§ Data segment
--- START ---
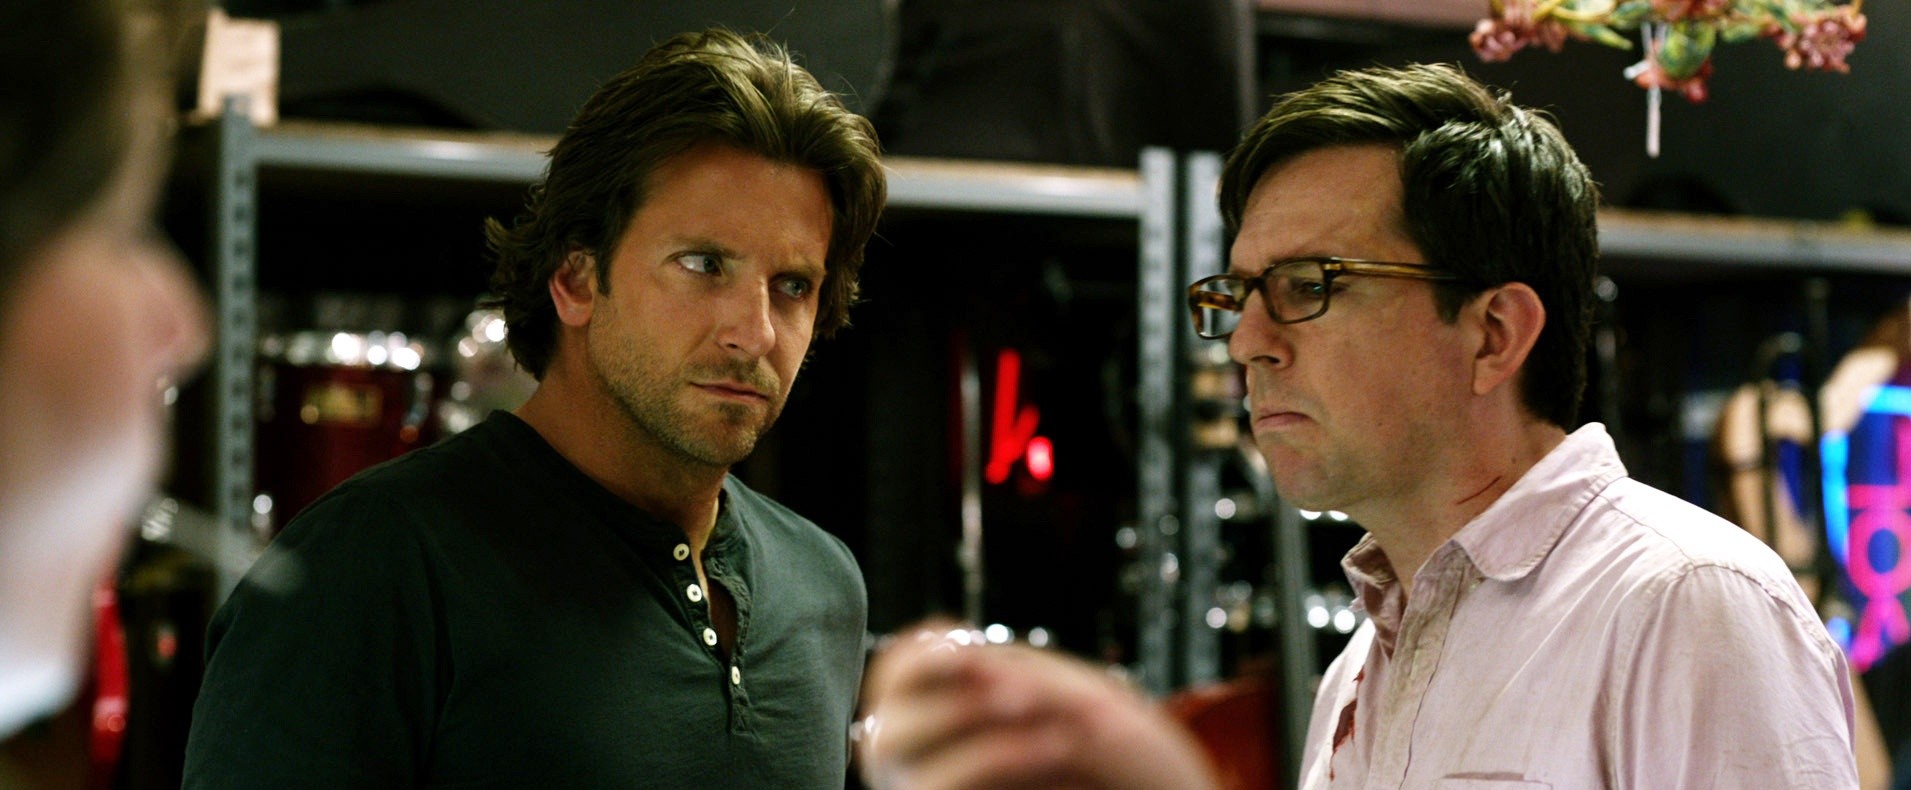 Bradley Cooper stars as Phil and Ed Helms stars as Stu in Warner Bros. Pictures' The Hangover Part III (2013)
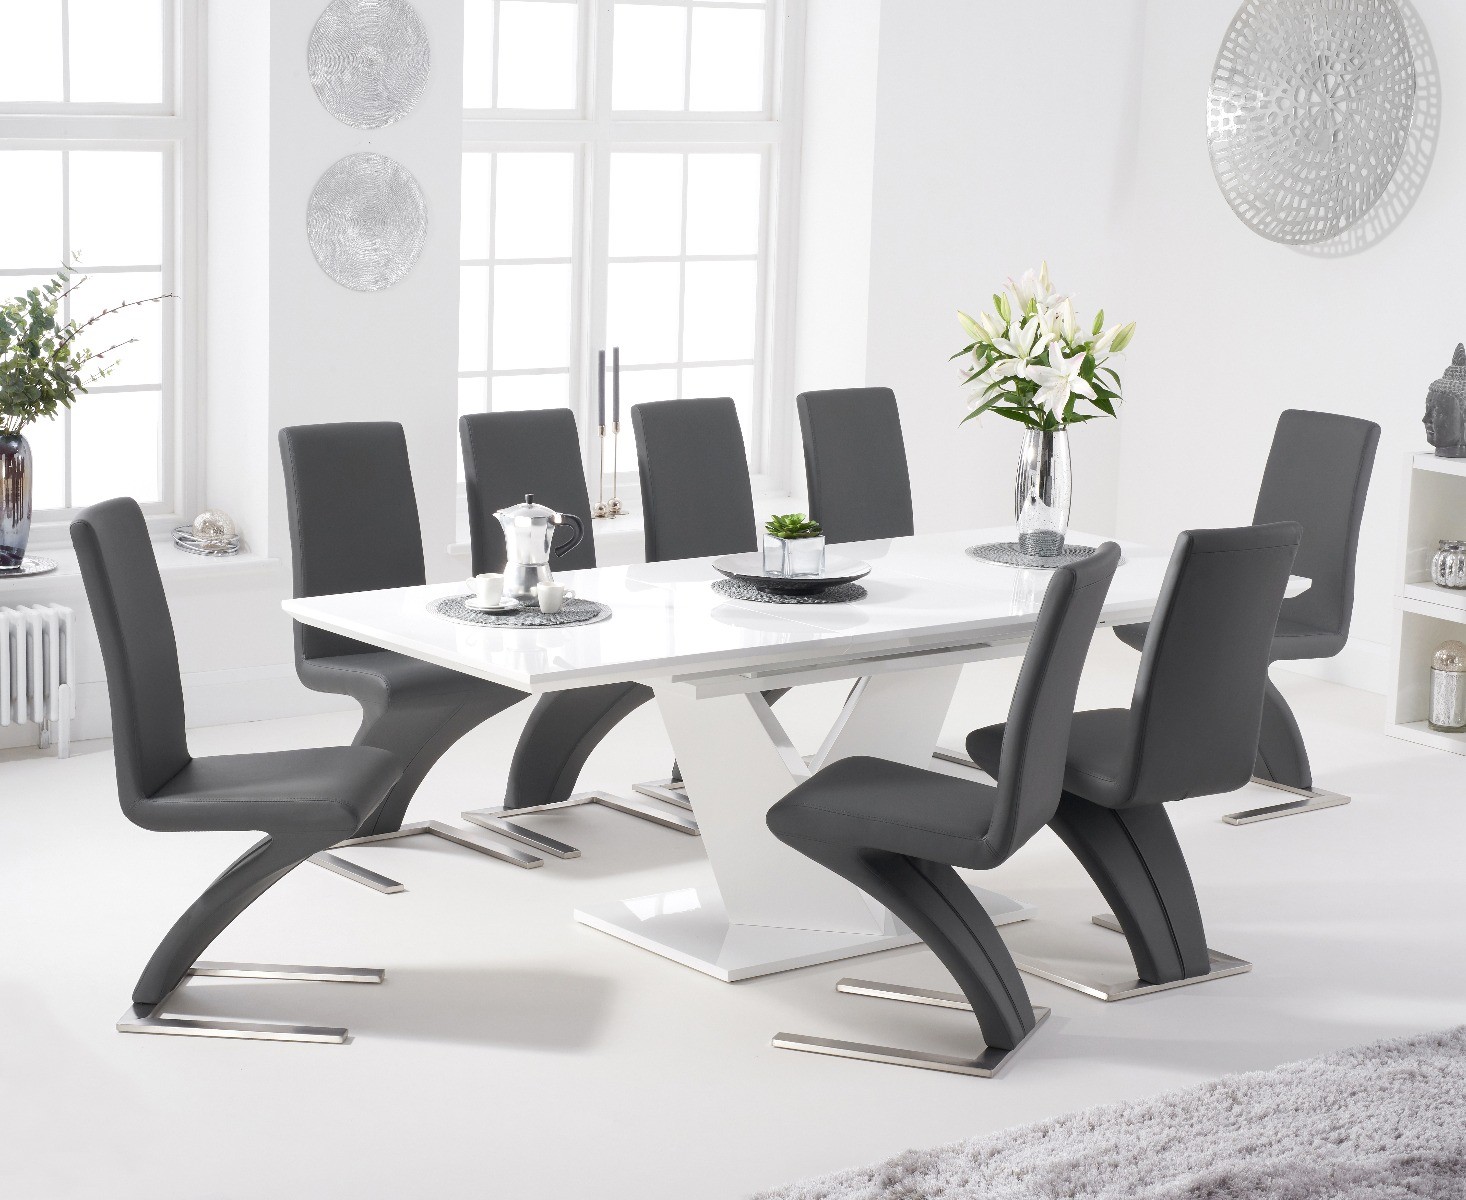 Extending Vittorio 160cm White High Gloss Dining Table With 8 Grey Aldo Faux Leather Chairs
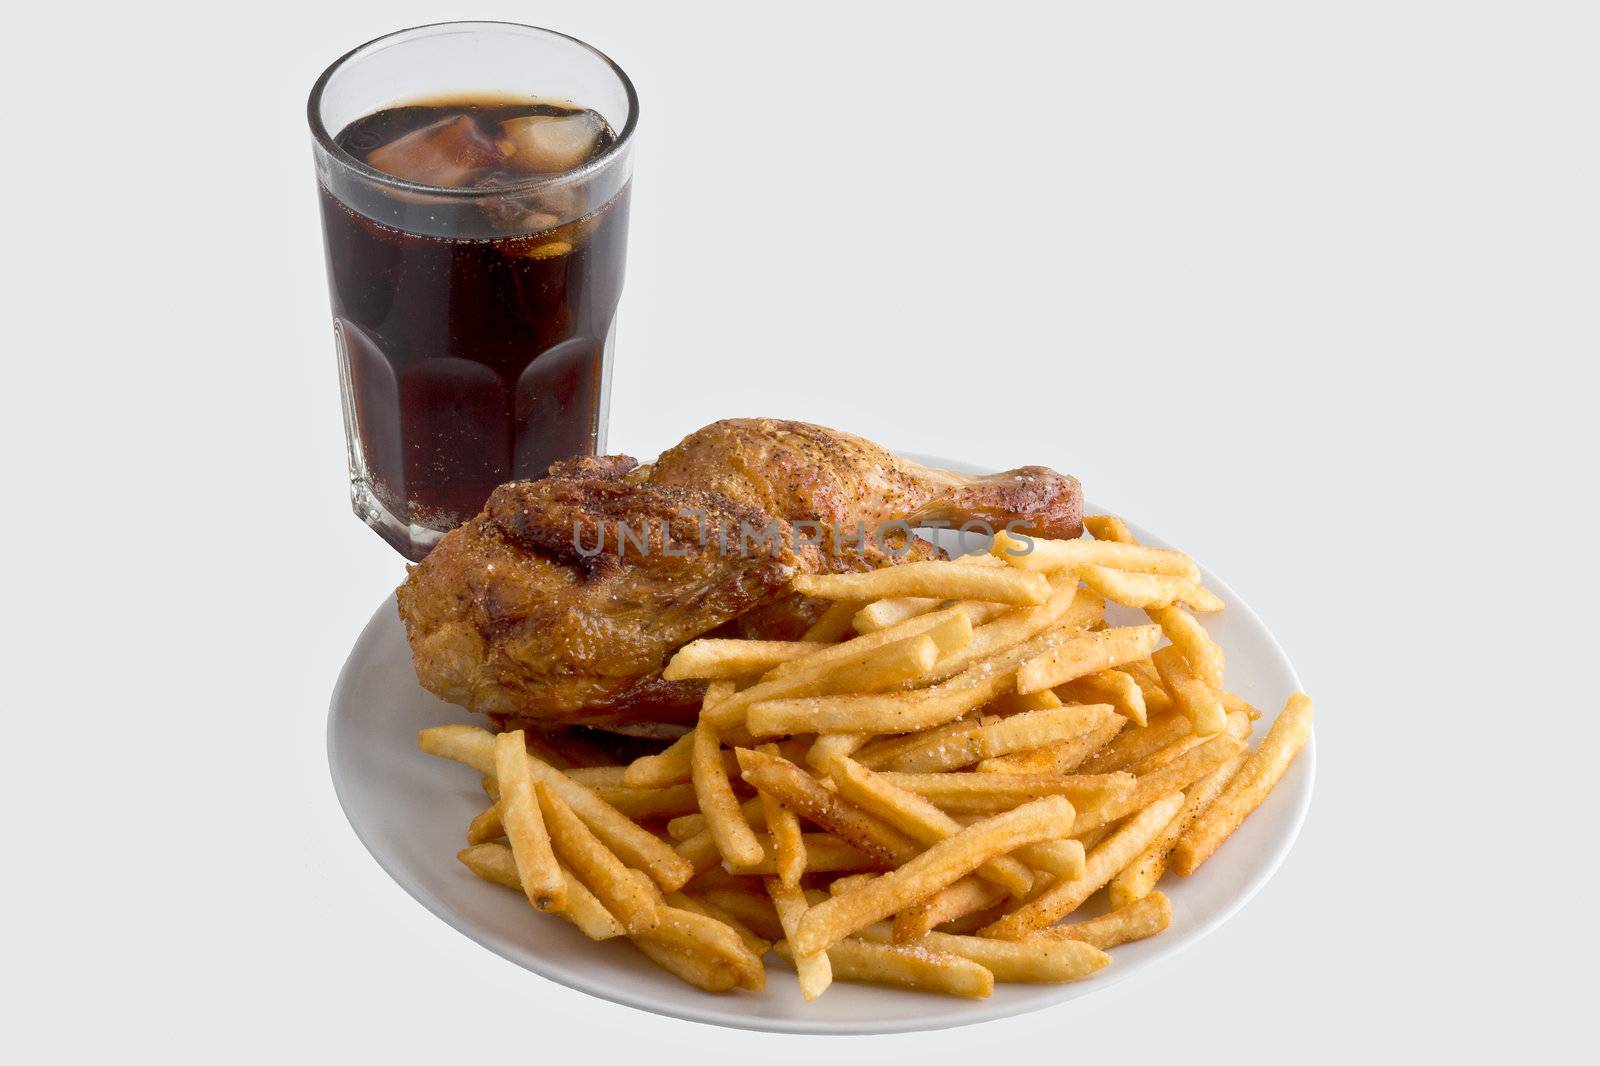 Plate fried chicken with french fries next to a cold cola. Isolated
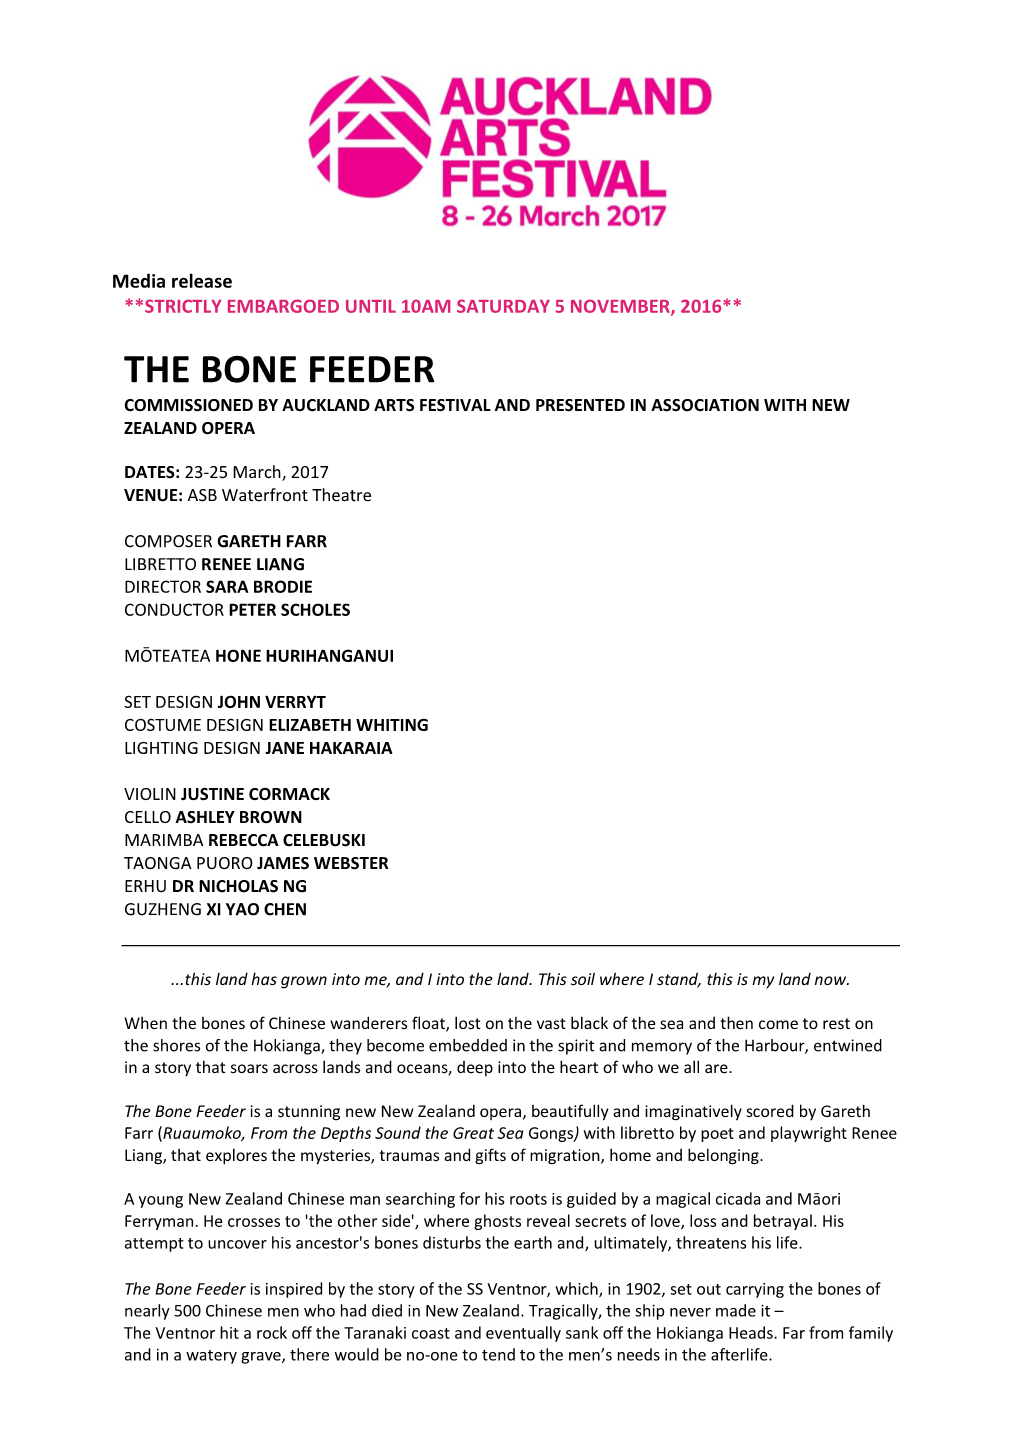 The Bone Feeder Commissioned by Auckland Arts Festival and Presented in Association with New Zealand Opera
--- END ---
Return only what lies between the line containing "Extending Vittorio 160cm" and the last line of the listing, those two lines included, exactly as written and with no pictures.

 Extending Vittorio 160cm White High Gloss Dining Table With 8 Grey Aldo Faux Leather Chairs
 Plate fried chicken with french fries next to a cold cola. Isolated
 The Bone Feeder Commissioned by Auckland Arts Festival and Presented in Association with New Zealand Opera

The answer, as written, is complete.